Helping Your Student Make the Most of the Residence Hall Experience
Sending a child to college may be a new experience for you or it may be old hat by now. Regardless, the college experience will undoubtably bring about a new phase of your relationship with your son or daughter. Your student will encounter challenges, successes, emotions, and growth along the way.
You can be supportive of him or her during the first year in several ways:
- Show an interest but don't be intrusive - There are many new things going on in your son or daughter's life right now. Demonstrate that you care by asking questions and showing a genuine interest. If the student isn't talking don't press the issue. Give him or her some time and let them dictate when is a good time to converse.

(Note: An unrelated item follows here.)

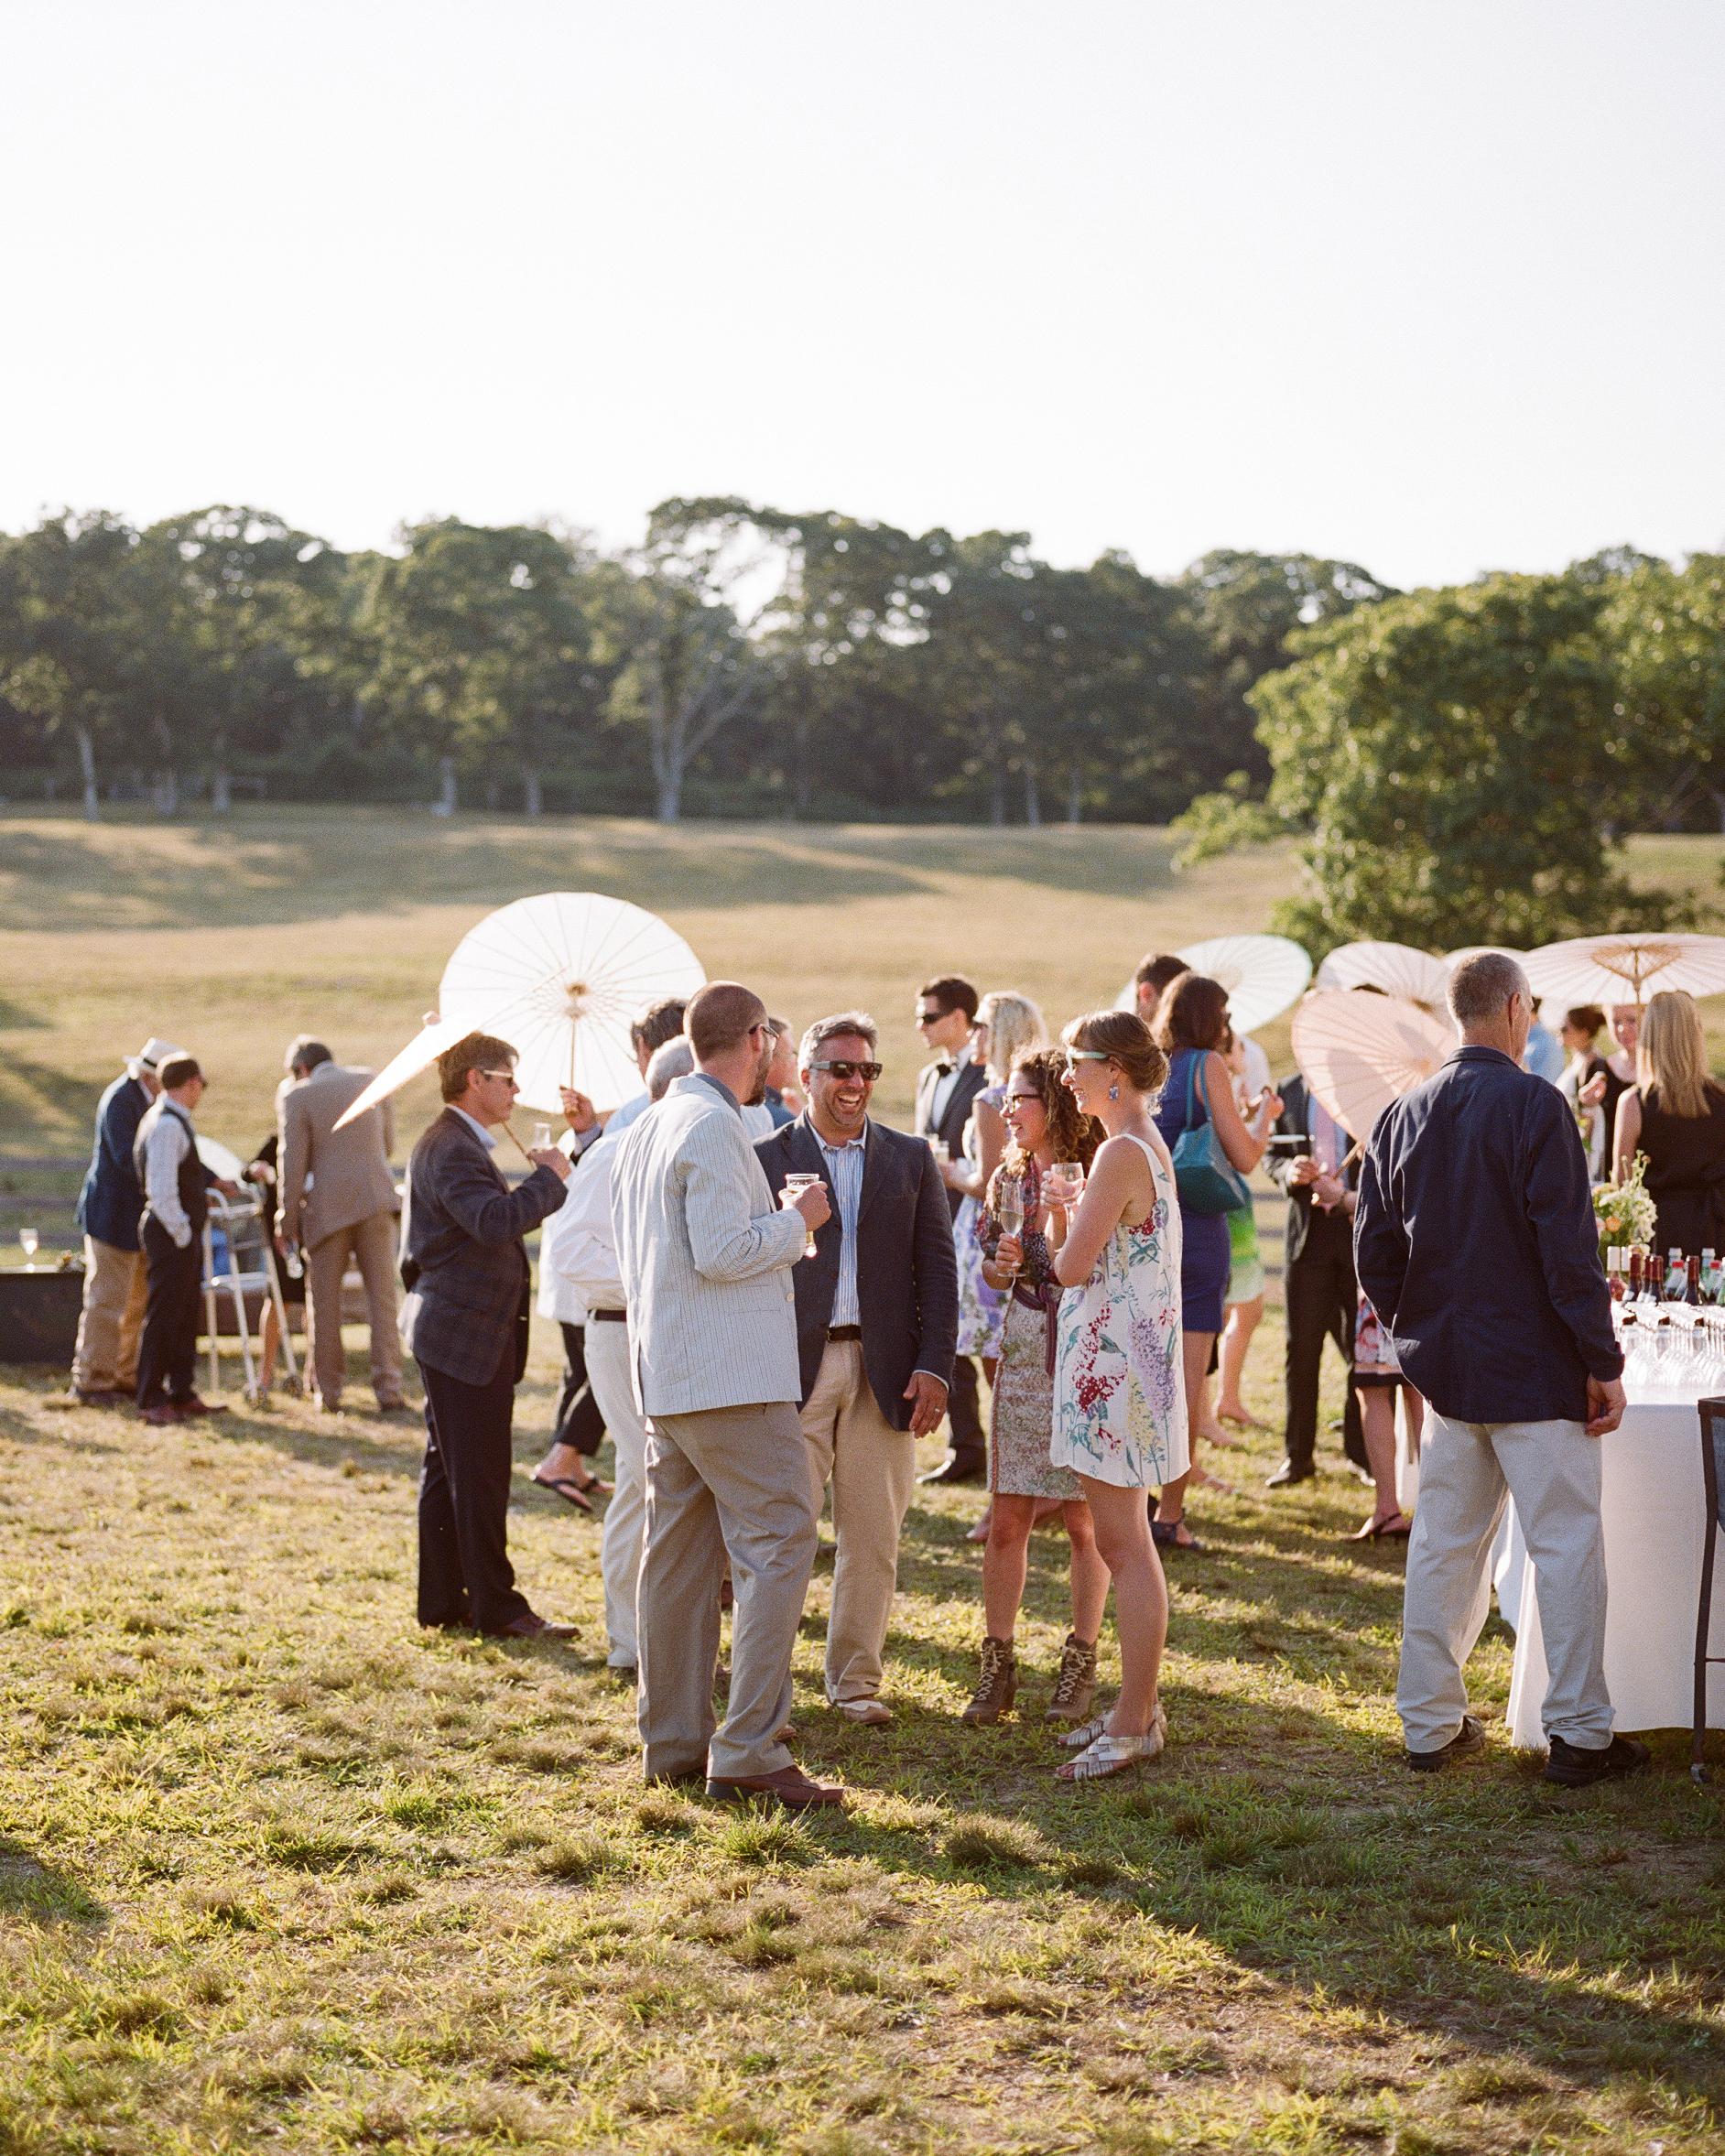 jocelyn-graham-wedding-cocktailhour-1019-s111847-0315.jpg

- Give your student some room to get adjusted to college and the residence hall - It may be hard, but giving your son or daughter space during the first few months can be very important to his or her adjustment. Limit the frequency and duration of phone calls home or to the student. Spend more time talking about all the great things going on at college rather than on what the student is missing at home. Refrain from sharing your own worries and emotions about your child moving away to college. Also, encourage your son or daughter to spend weekends at school and limit the number of visits home. While these things may be difficult for both parent and student at times, they do help both become accustomed to the new situation.

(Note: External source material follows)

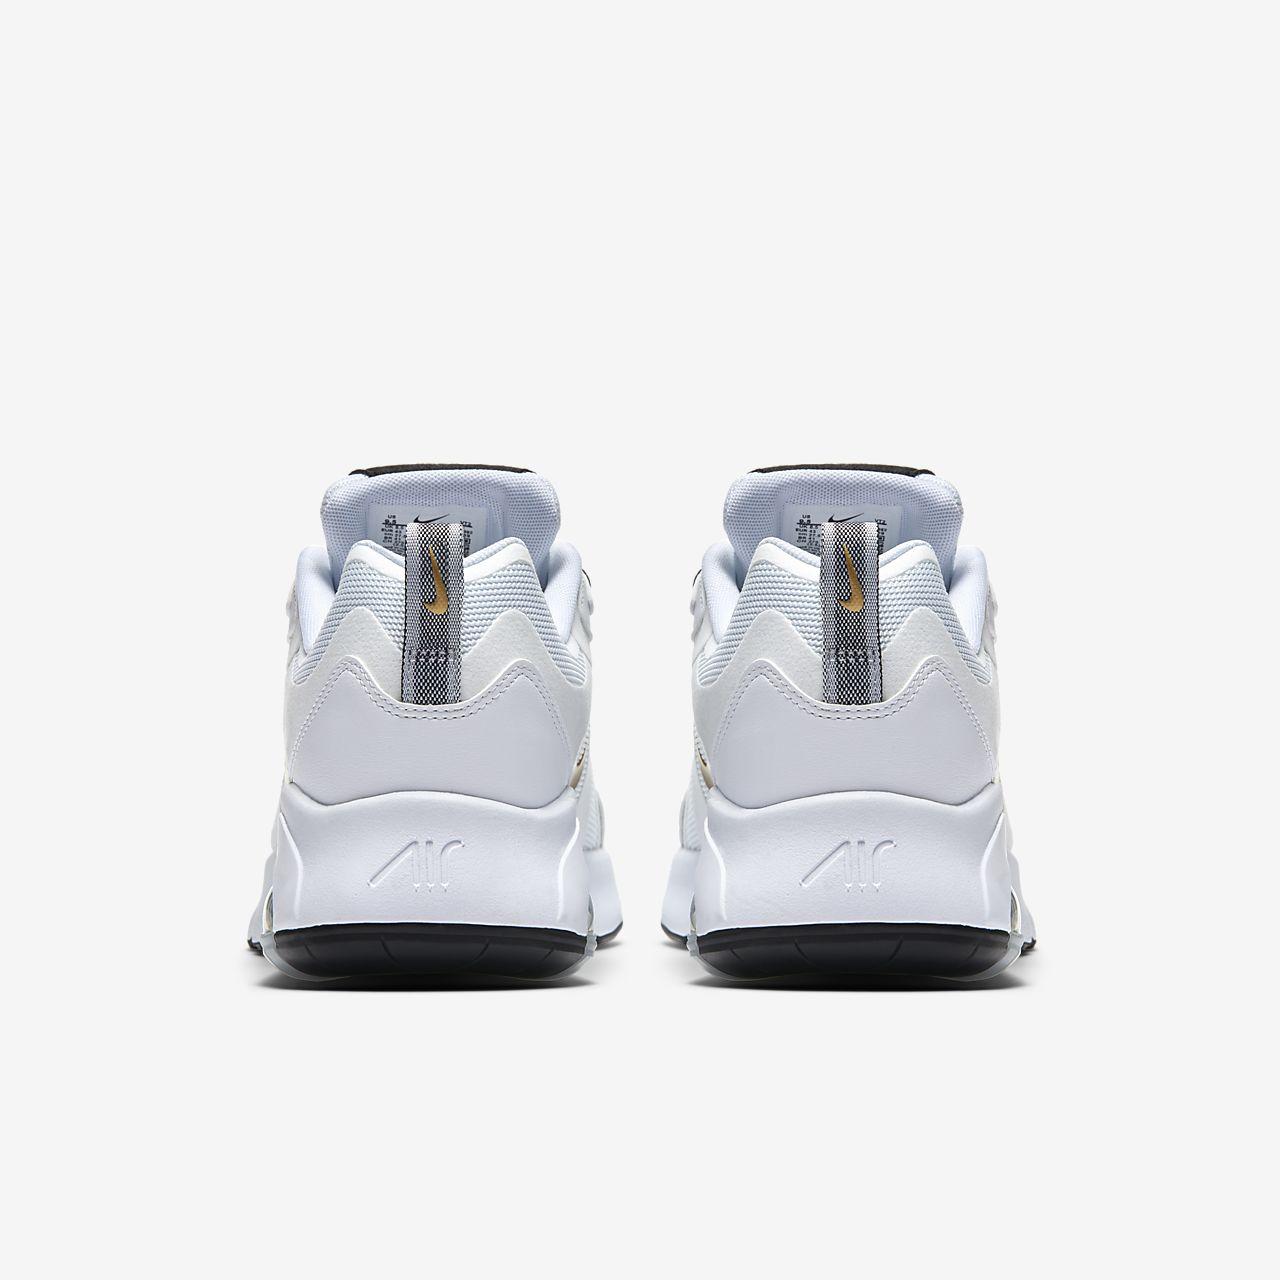 Nike Air Max 200 AQ2568 102 Blanc or Métallique Noir Homme

- Let your student solve his or her own problems - As a parent, it is natural to want to step in to help your student when he or she is having a problem. However, by solving the problem for them, you rob the student of a valuable educational experience. Problem solving is a skill that every adult needs. When your student is faced with an issue--roommate conflict, class scheduling difficulty, financial aid concern--encourage him or her to find a solution. You can be there to offer support and guidance, but let them handle it. The more experience the student gets dealing with problems the better he or she will become at handling them.
- Understand that the student will become more independent - He or she will be faced with a great deal of responsibility and will be held accountable by others. The student is responsible for determining who he or she spends time with, when to go to bed, what to eat for dinner, how much studying is necessary, and how to budget money. You may not always agree with his or her choices but you can be supportive and sensative to this new time in their life.
- Communicate clearly and upfront about what your expectations for break periods are going to be - Your son or daughter has been living differently than when he or she was at home. When break times rolls around, don't assume everything will be just like it was before. Be sure to clearly communicate what curfews are in place, how much time should be spent with the family vs. friends, and what house rules are in place. Being upfront will make things go much smoother.